Restate the listing below line for line and word for word, without the pictures.
Material provided START
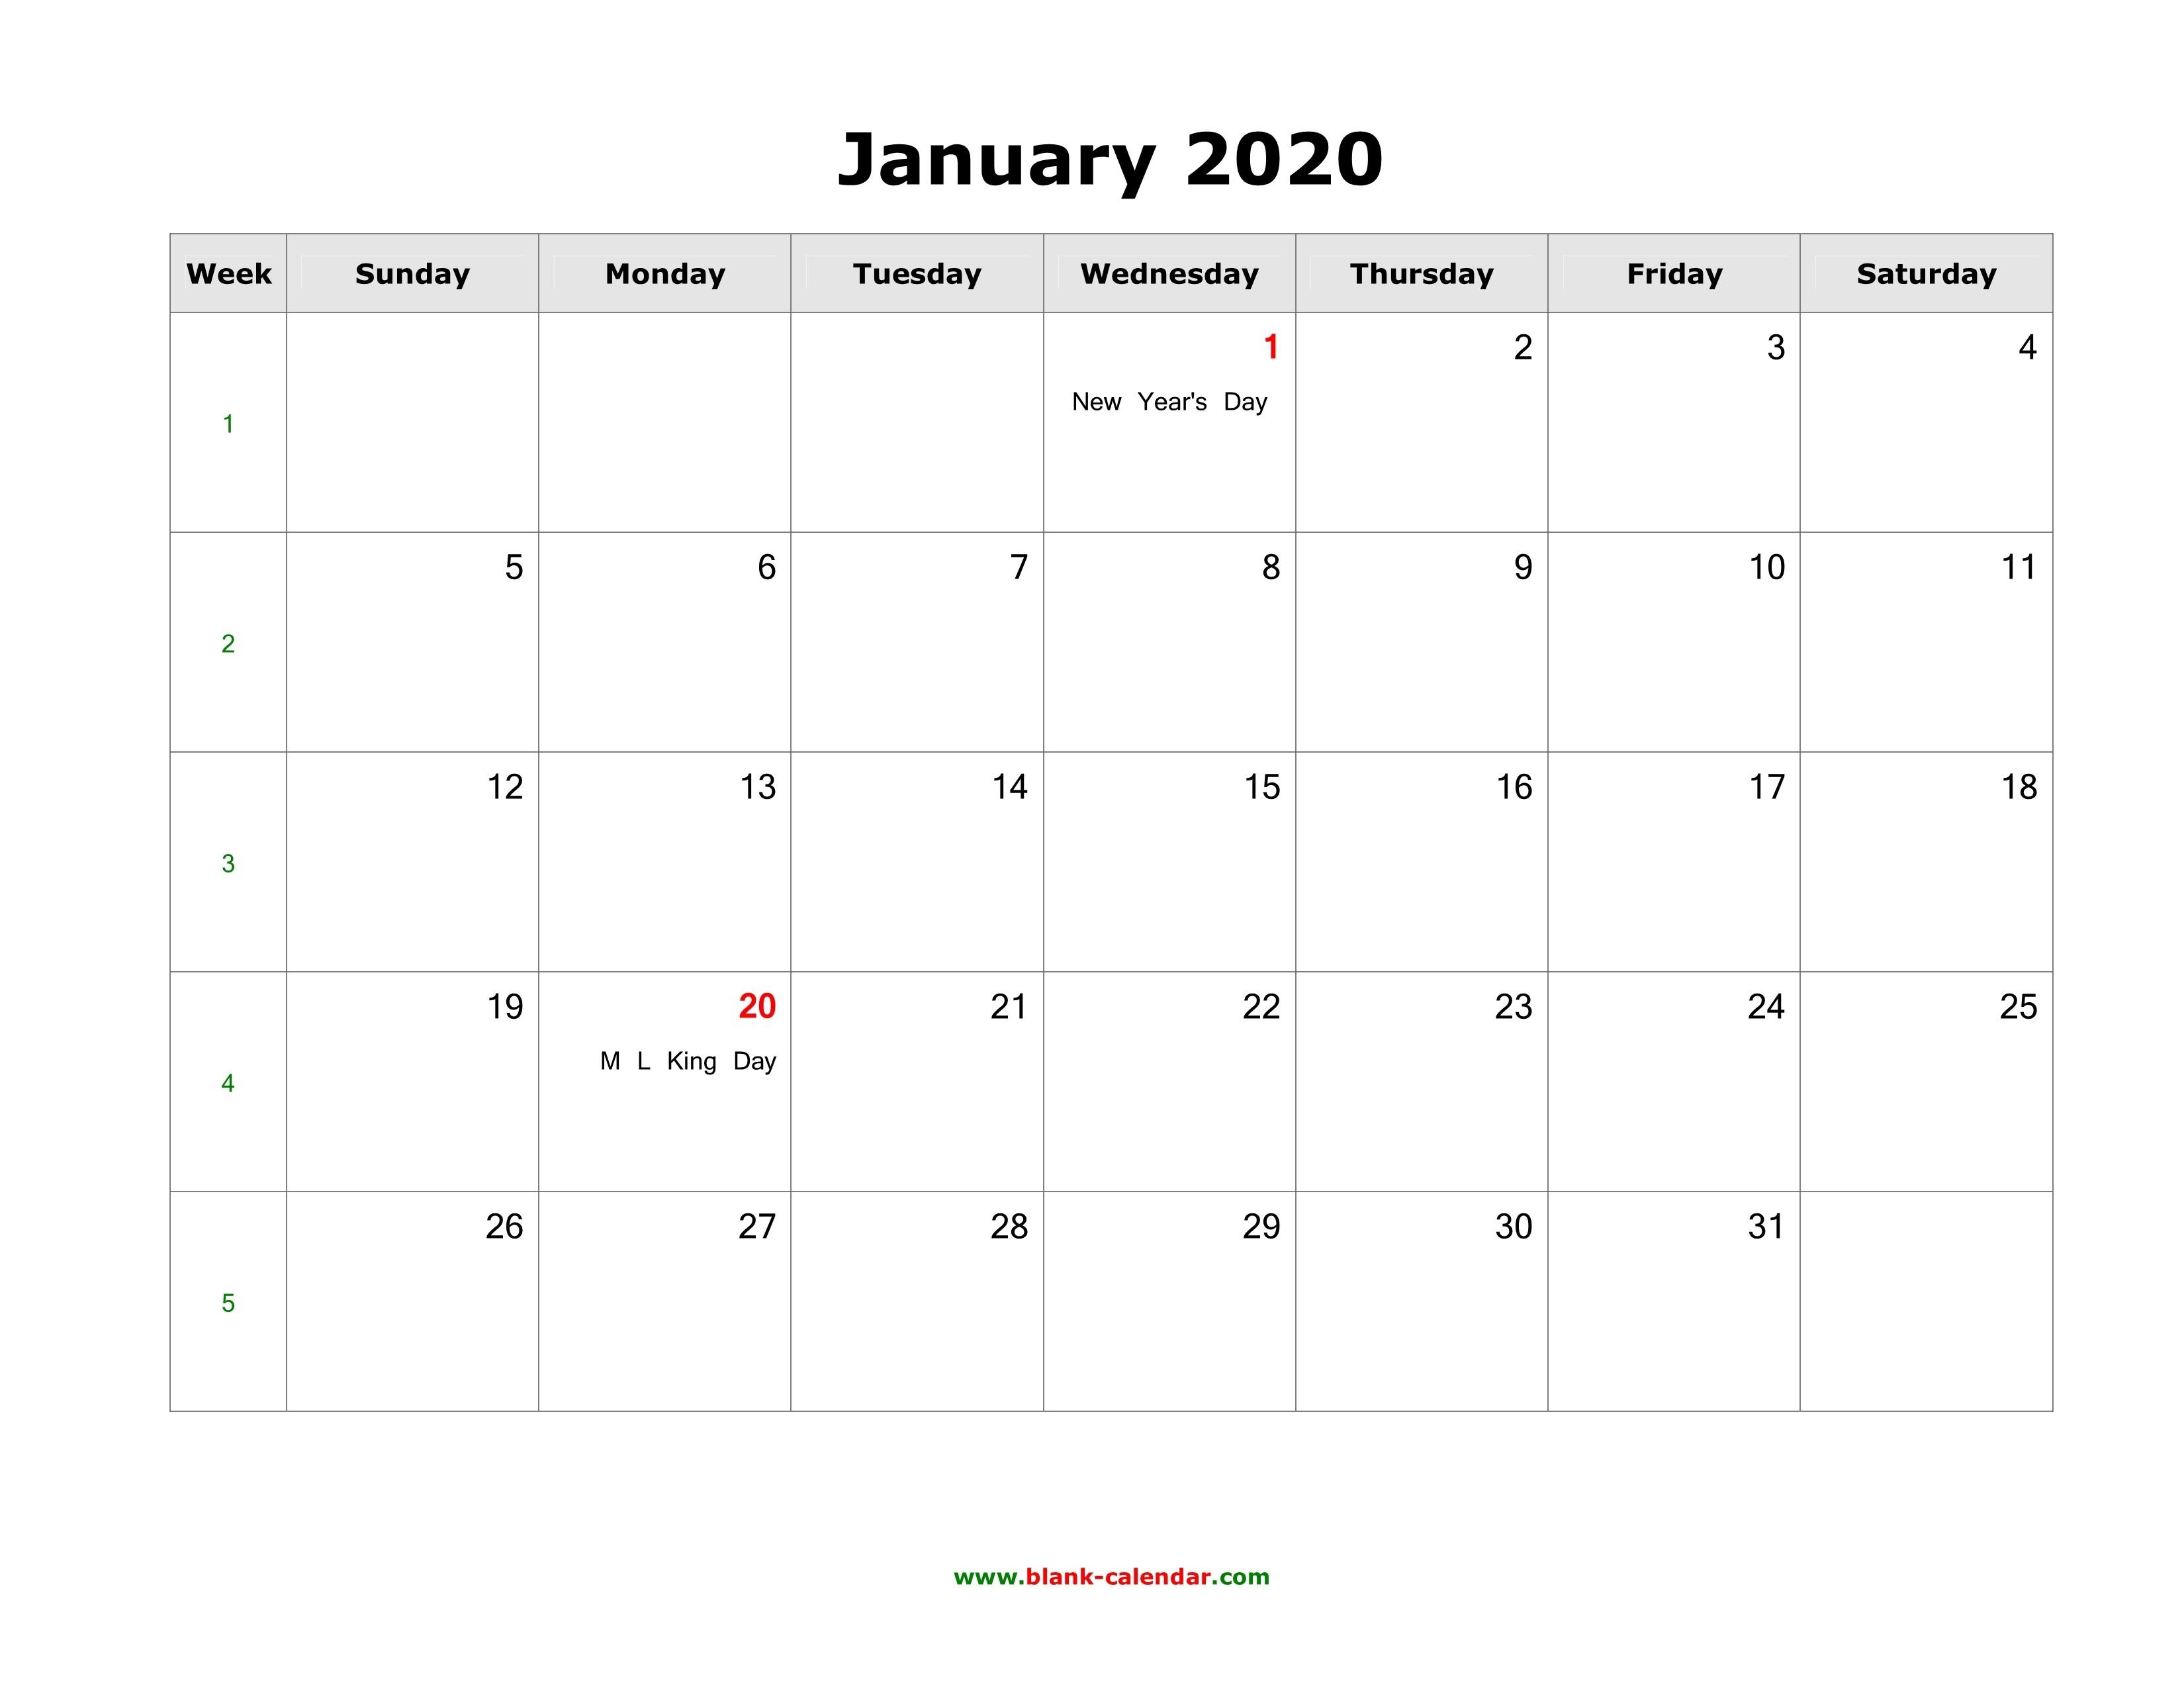 January 2020 Blank Calendar | Free Download Calendar Templates-Fillable January 2020 Calendar
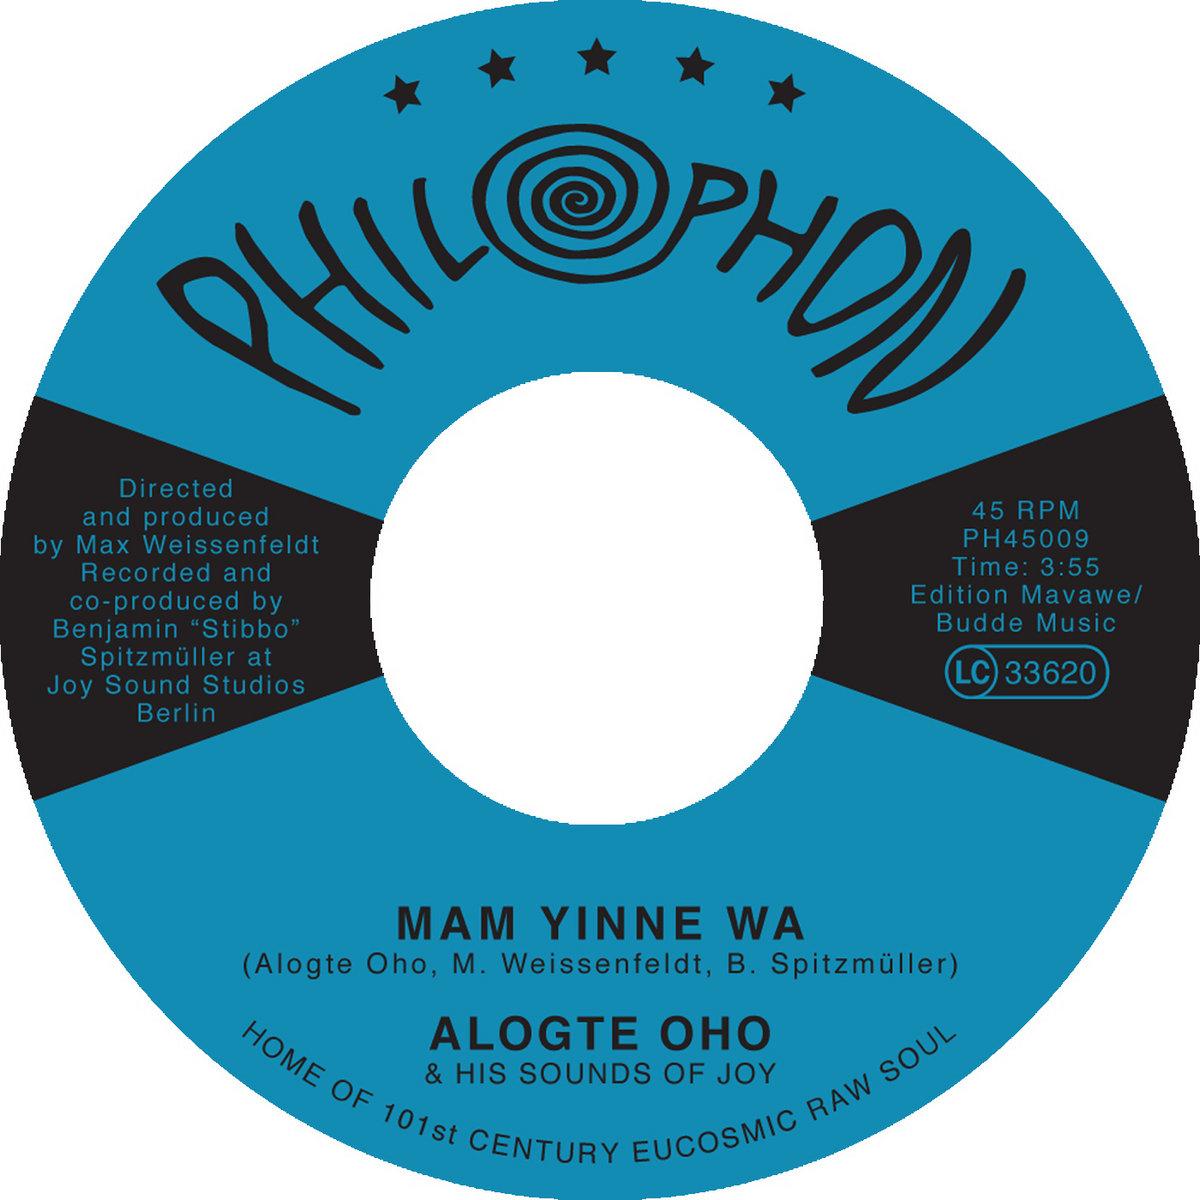 mam yinne wa alogte oho and his sounds of joy
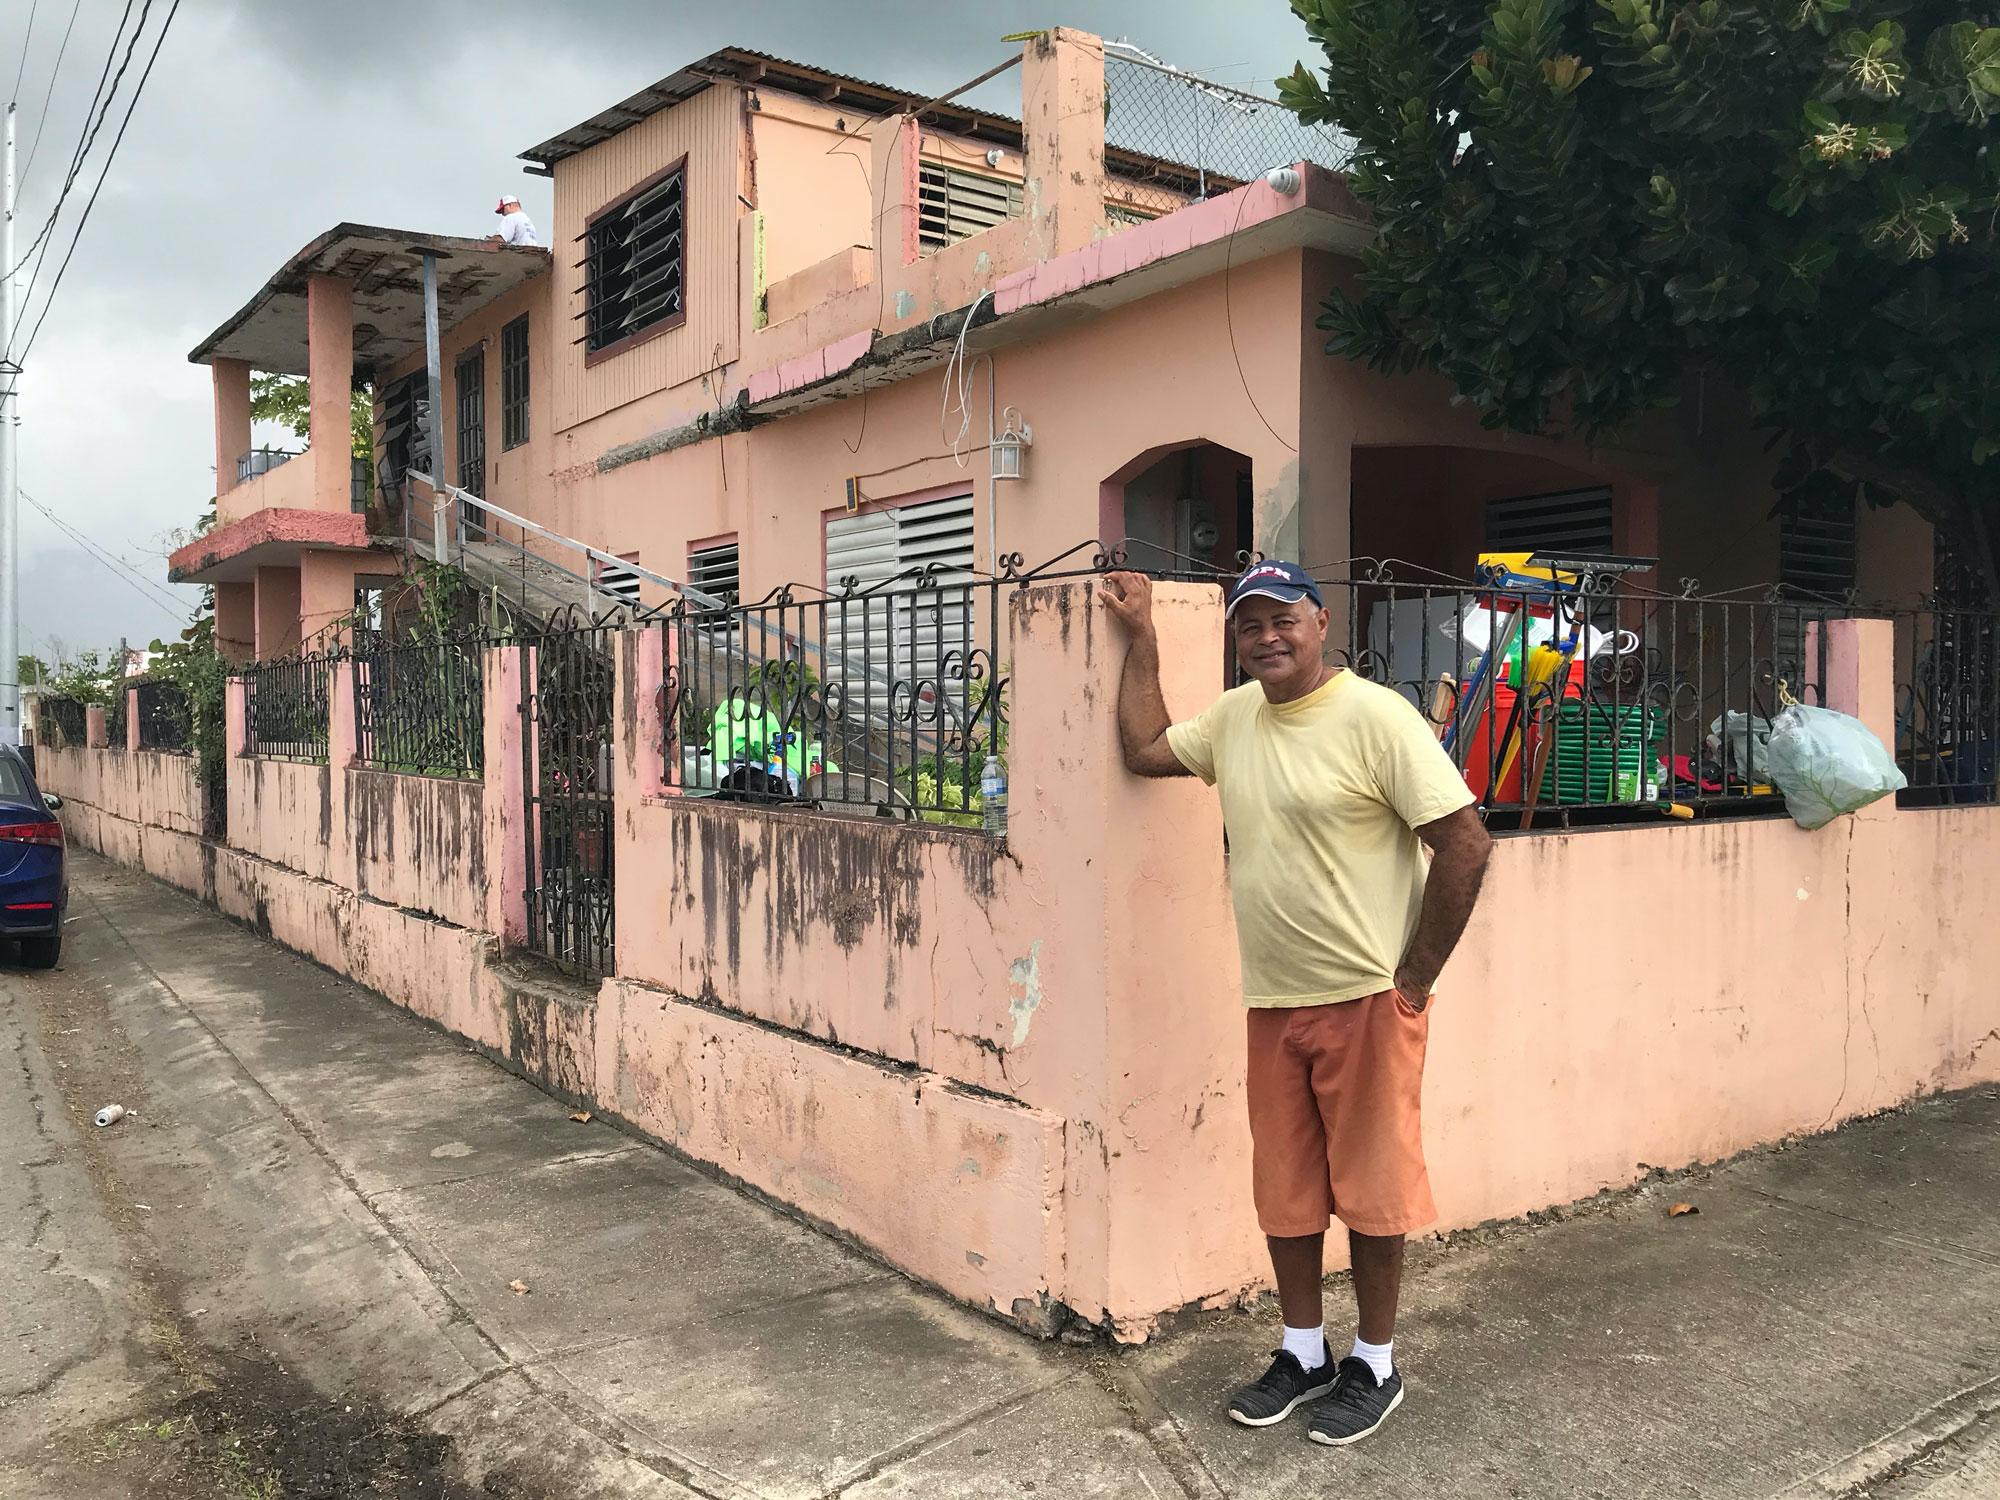 Juanito Borques outside his home.
Material provided END
* _Solution to the problem_:
 January 2020 Blank Calendar | Free Download Calendar Templates-Fillable January 2020 Calendar
 mam yinne wa alogte oho and his sounds of joy
 Juanito Borques outside his home.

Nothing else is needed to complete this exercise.